Astute followers of artificial intelligence may recall a moment from three years ago, when Google announced it had birthed unto the world a computer able to recognize cats using only videos uploaded by YouTube users. At the time, this represented something of a high water mark in AI. To get an idea for how far we have come since then, one has only to reflect on recent advances in the RoboWatch project, an endeavor that is teaching computers to learn complex tasks using instructional videos posted on YouTube.
That innocent “learn to play guitar” clip you posted on your YouTube video feed last week? It may someday contribute to putting Carlos Santana out of a job. That’s probably pushing it; it’s more likely that thousands of home nurses and domestic staff will be axed long before guitar gods have to compete with robots. A recent groundswell of interest in bringing robots into the marketplace as caregivers for the elderly and infirm, in part fueled by graying population bases throughout the developed world, has created the necessity for teaching robots simple household tasks. Enter the RoboWatch project.

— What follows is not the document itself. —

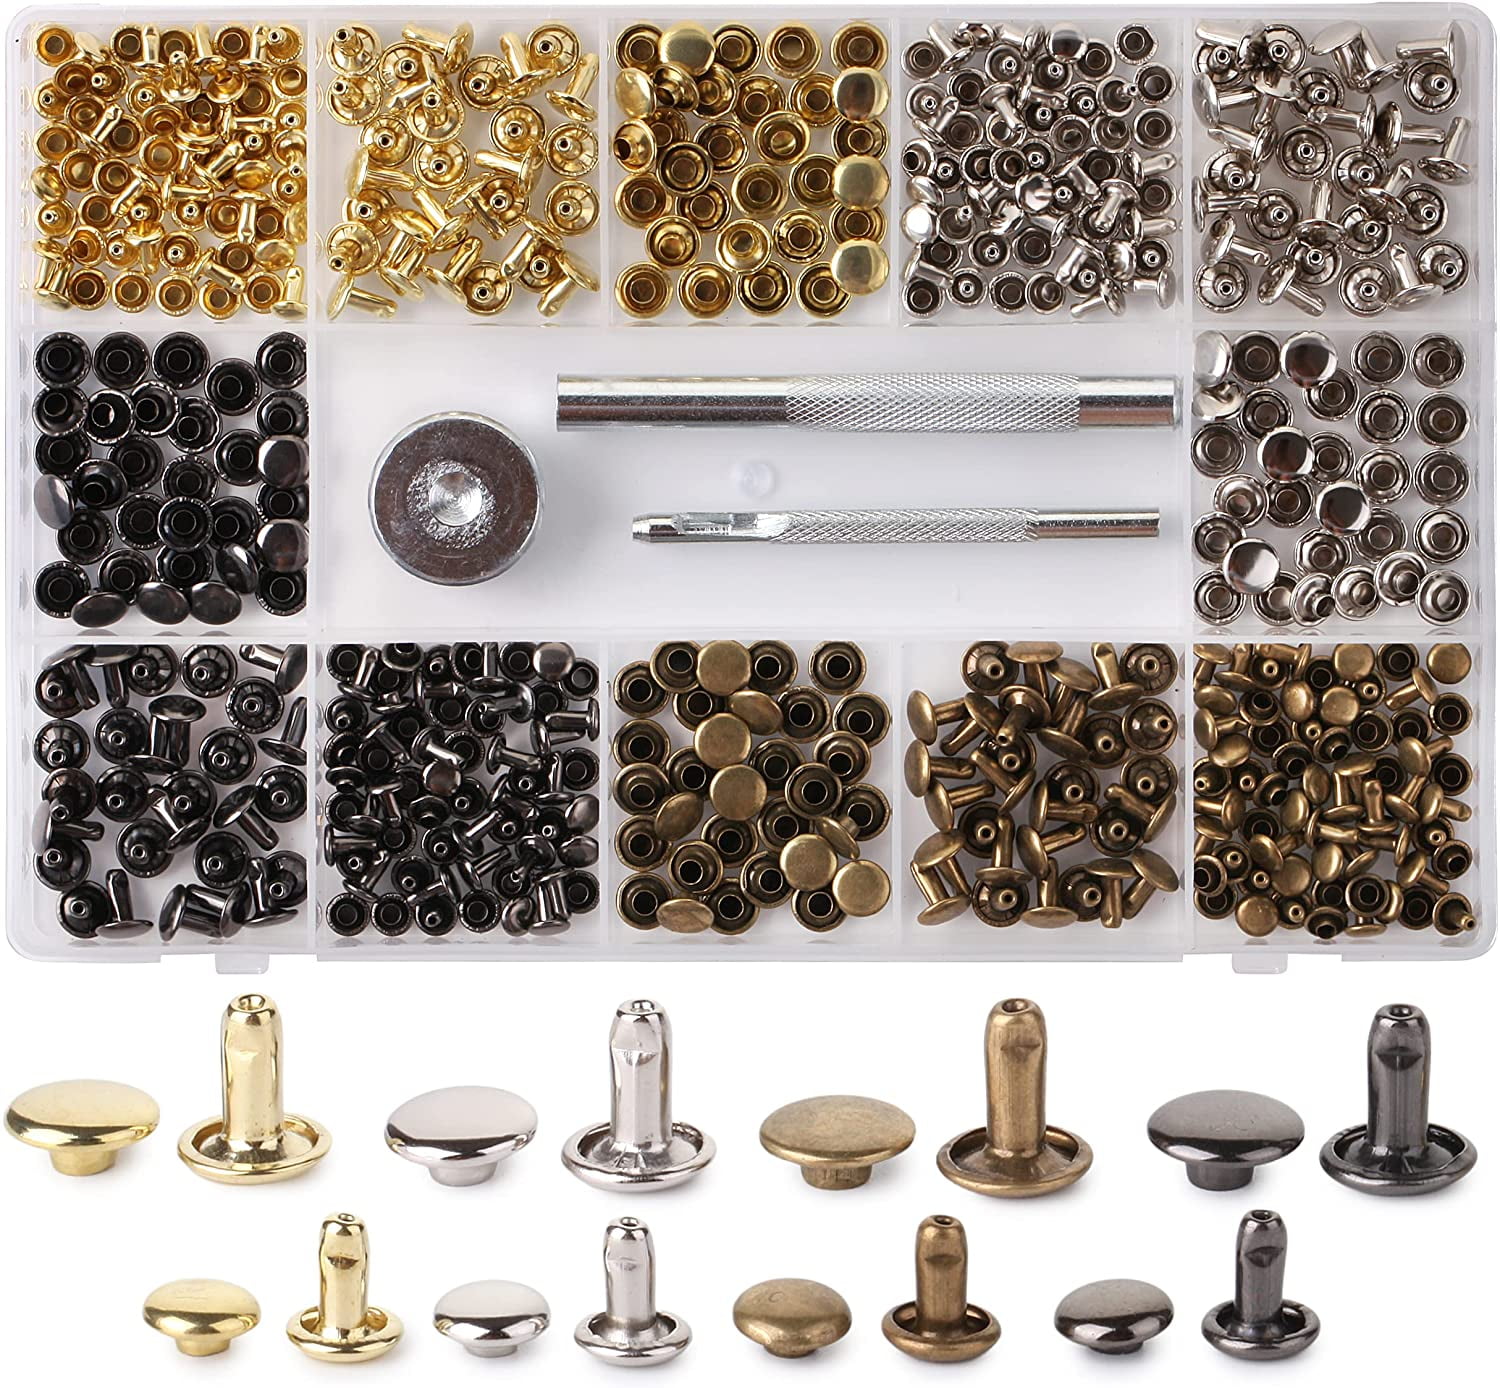 UNCO- Leather Rivets Kit, 4 Colors, 2 Sizes, 240 Pcs, Tubular Metal Studs  with Fixing Tools, Double Cap Rivets, Rivets for Leather, Rivets For  Fabric

Most advanced forms of AI currently in use rely upon a branch of supervised machine learning, which requires large datasets to be “trained” on. The basic idea is that when provided with a sufficiently large database of labeled examples, the computer can learn to recognize what differentiates the items within the training set, and later apply that classifying ability to new instances it encounters. The one drawback to this form of artificial intelligence is that it requires large databases of labeled examples, which are not always available or require much human curation to create.
RoboWatch is taking a different tack, using what’s called unsupervised learning to discover the important steps in YouTube instructional videos without any previous labeling of data. Take for instance a YouTube video on omelet making. Using the RoboWatch method, the computer successfully parsed the video on omelet creation and catalog the important steps without having first been trained with labeled examples.
It was able to do this by looking at a large amount of instructional omelet-making videos on YouTube and creating a universal storyline from their audio and video signals. As it turns out, most of these videos will contain certain identical steps, such as cracking the eggs, whisking them in a bowl, and so on. When presented with enough video footage, the RoboWatch algorithm can tease out what the essential parts of the process are and what is arbitrary, creating a kind of archetypal omelet formula. It’s easy to see how unsupervised learning could quickly enable a robot to gain a vast assortment of practical household know-how while keeping human instruction to a minimum.
The RoboWatch project follows similar advances in video captioning pioneered at Carnegie Mellon University. Earlier this year, we reported on a project headed by Dr. Eric Xing, which seeks to use real-time video summarization to detect unusual activity in video feeds. This could lead to surveillance cameras with the built-in ability to detect suspicious activity. Putting these developments together, it’s clear unsupervised learning models using video footage are likely to pave the way for the next breakthrough in artificial intelligence, one that will see robots entering our lives in ways that are likely to both scare and fascinate us.